It is because of that right of action, that the law provides that in determining the question of reduction, the property disposed of inter vivos, must be fictitiously added to that belonging to the donor at the time of his death and appraised at its value then. R. C. C. 1505, 1235.
It also emphatically provides, in calculating the disposable portion, that all the property donated or bequeathed by the deceased must be included, whether given to the children, to relations, or to strangers. R. C. C. 1234.
It, therefore, follows that the plaintiffs in this suit have a standing to demand a reduction of the donations, if the effects donated were, at the death of the donor, worth more than the disposable portion.
The amount of the property inventoried nears $245,000 ; that of the bonds and cash foots some $108,000.
It is claimed that, to the .inventory should be added the separate property of the deceased, valued in the judgment at $7000.

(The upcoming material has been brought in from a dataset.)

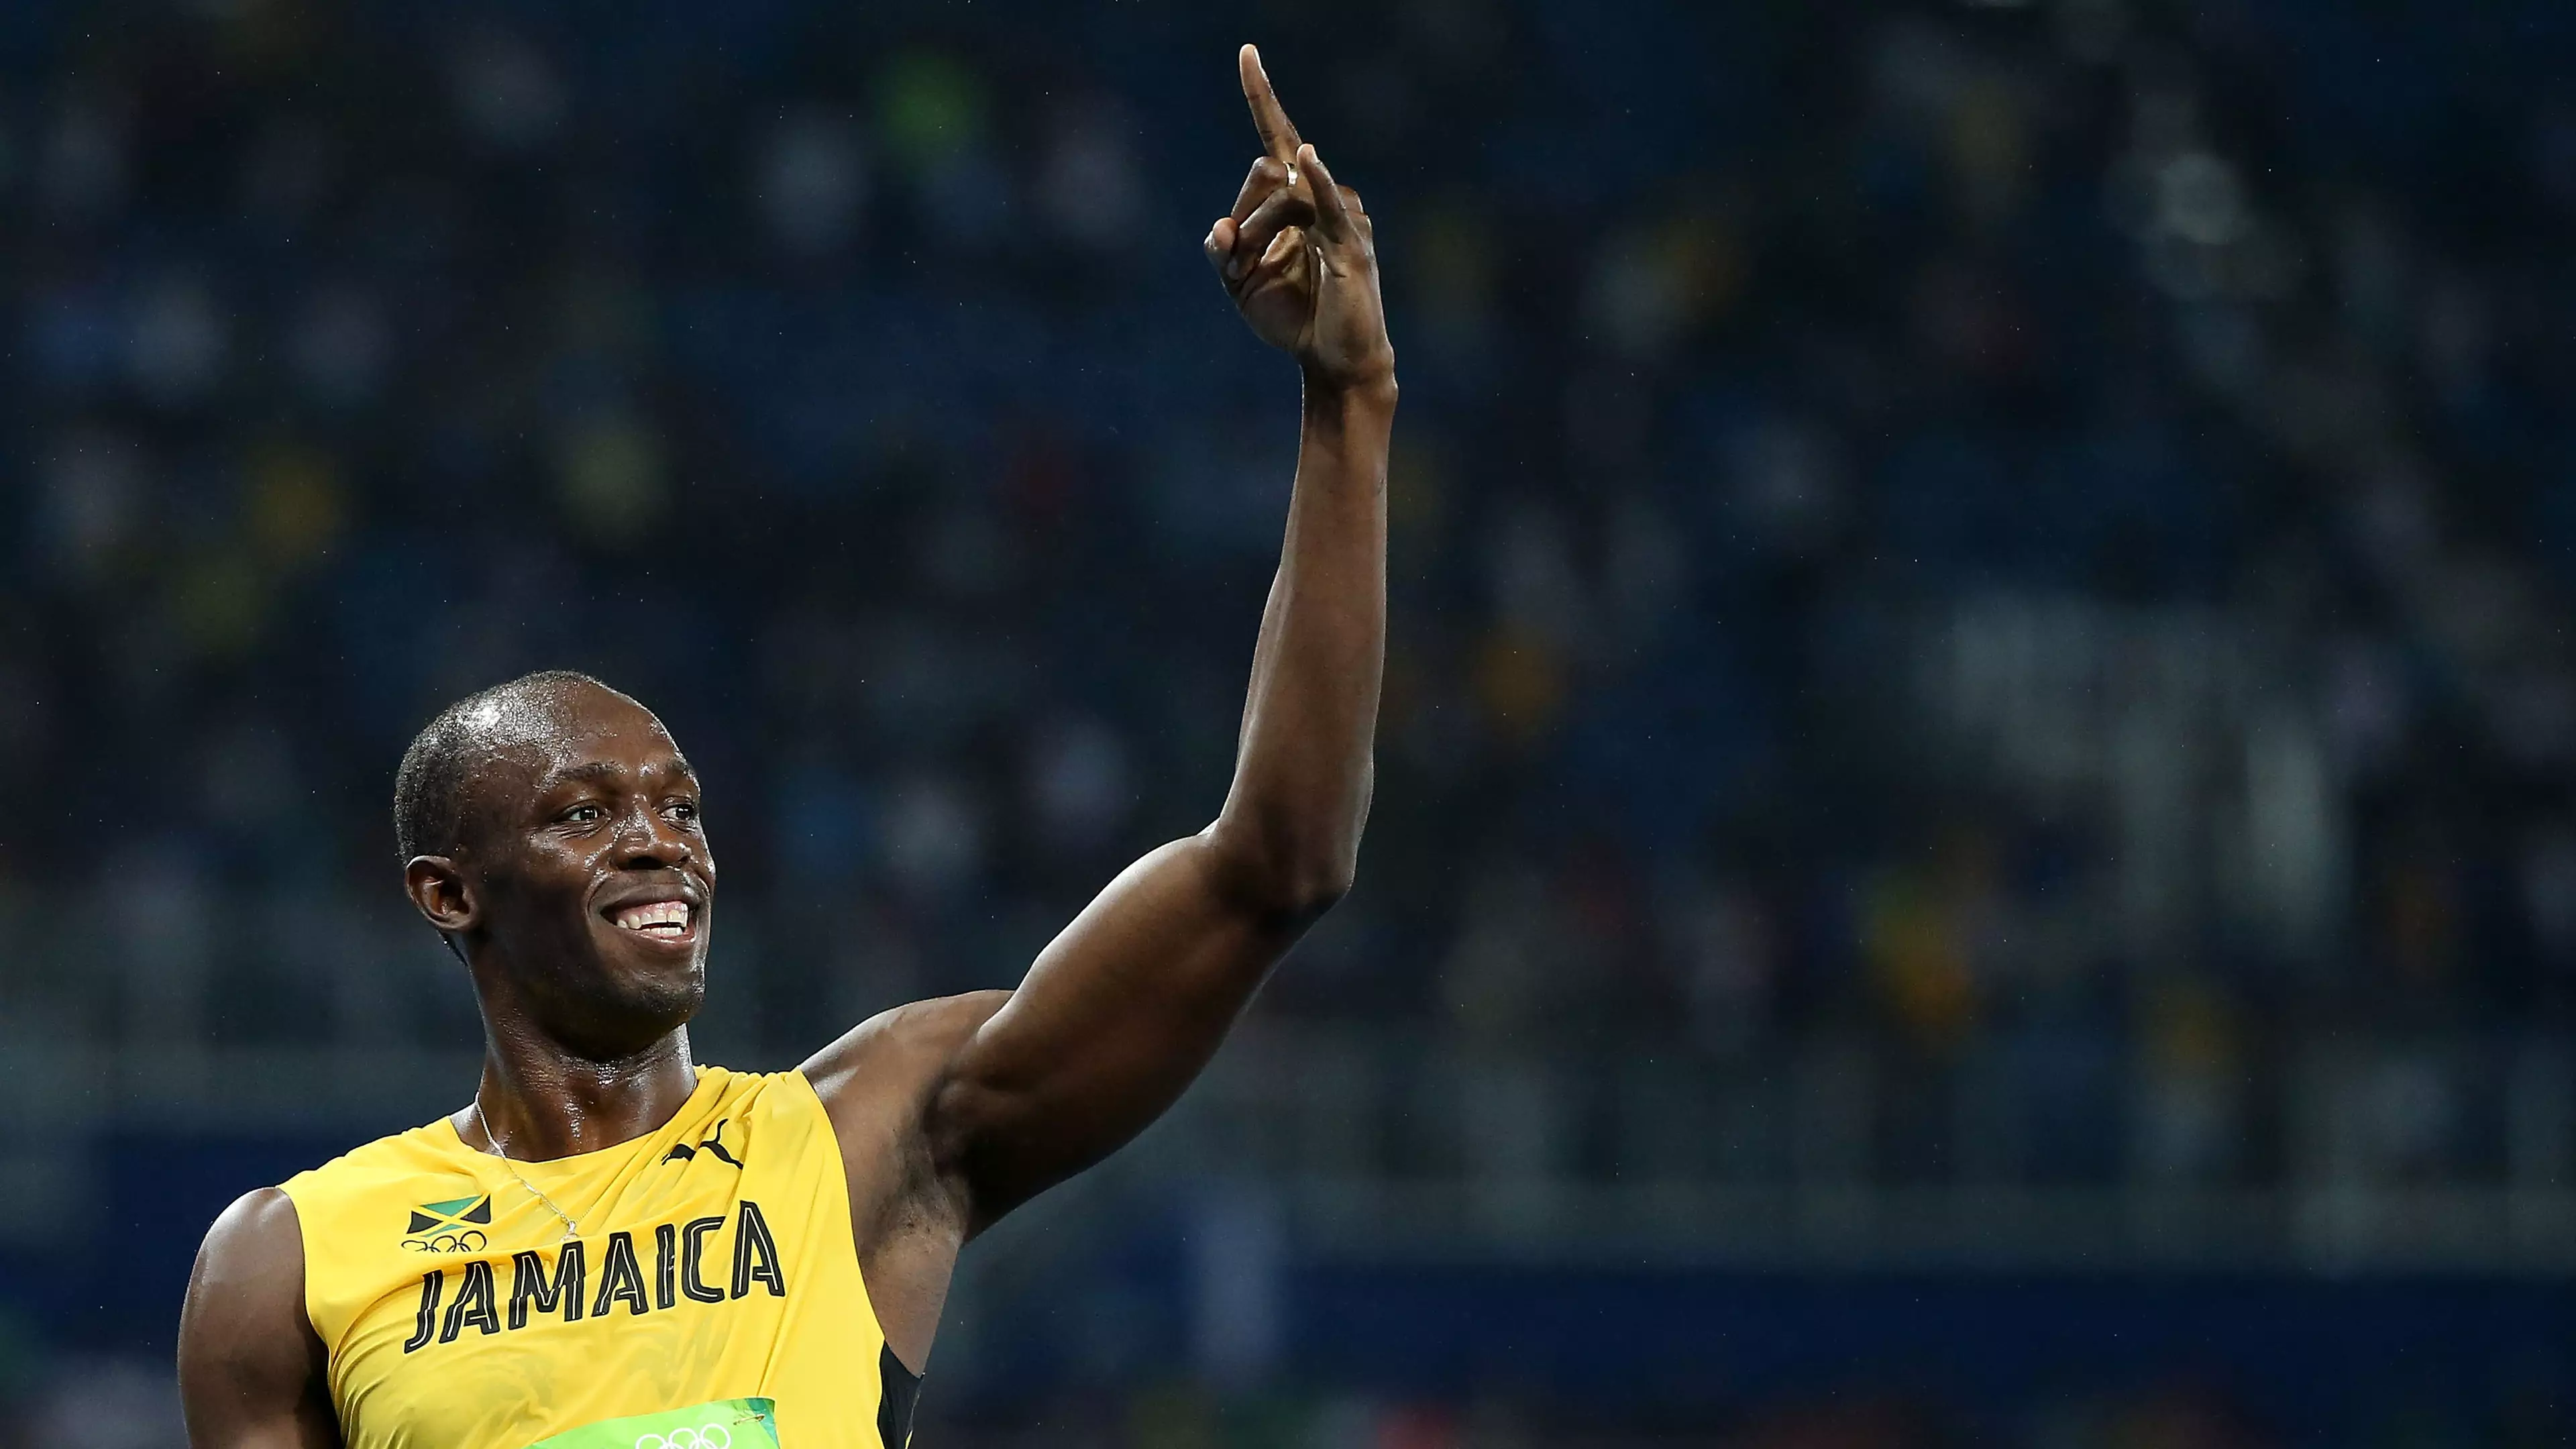 SPORTbible Discusses Usain Bolt With Darren Campbell

This would swell the inventory beyond $350,000, donations included.
There is no proof in the record, that we have been able to discover, establishing the value of the bonds at the death of Moore, and there is no specific argument or prayer on the subject that can justify a decision presently of the question whether the donations exceed or not the disposable portion, so that this matter must be left open for future consideration and determination in other proceedings.
The donations, if excessive, would not, on that account, be null, but simply reducible. R. C. C. 1502.
In relation to the amount which Mrs. Moore claims to have loaned her husband, i. e., $20,000, and which was the proceeds of coupons on the bonds, and was subsequently returned by him to her, it is enough to say that, if the bonds became her property by the donation or gift
It has been contended that the donations are null, because not made in the proper form; that is, by a notarial act, under Article, R. C. C., 1538.
The bonds payable to bearer were corporeal moveable effects, which could pass, without indorsement or assignment, by simple delivery, and may be considered as proper objects of a manual gift, which is not subject to any formality. R. C. C. 1539; V. Laurent, Vol. 12, pp. 351-2, Nos. 280 and 281.
III.
The third subject to be considered is the claim of the succession against the community, for the separate property of Moore, owned by him anterior to his marriage, and which was used for the benefit and advantage of the community.
The claim is stated to amount to $20,000.
The district judge, however, did not recognize it to be so large. He admitted the claim for $7000 only.
The plaintiffs have not prayed, by answer to the appeal, any increase of that allowance.
The appellant has not shown in what particular it is erroneous, and the evidence does not satisfy us that the finding of the lower court, in that respect, ought to be disturbed.
The judgment appealed from has recognized Mrs. Moore as a creditor of the community for $2000.
The appellees have not complained of this allowance, and cannot expect any amendment on the subject.
The condition of the transcript and the absence of any pointed demand for any specific relief, as far as.figures go in all cases, particularly as concerns the reduction of the donations eventually, do not permit us, as already intimated, to arrive at any particular result in that regard.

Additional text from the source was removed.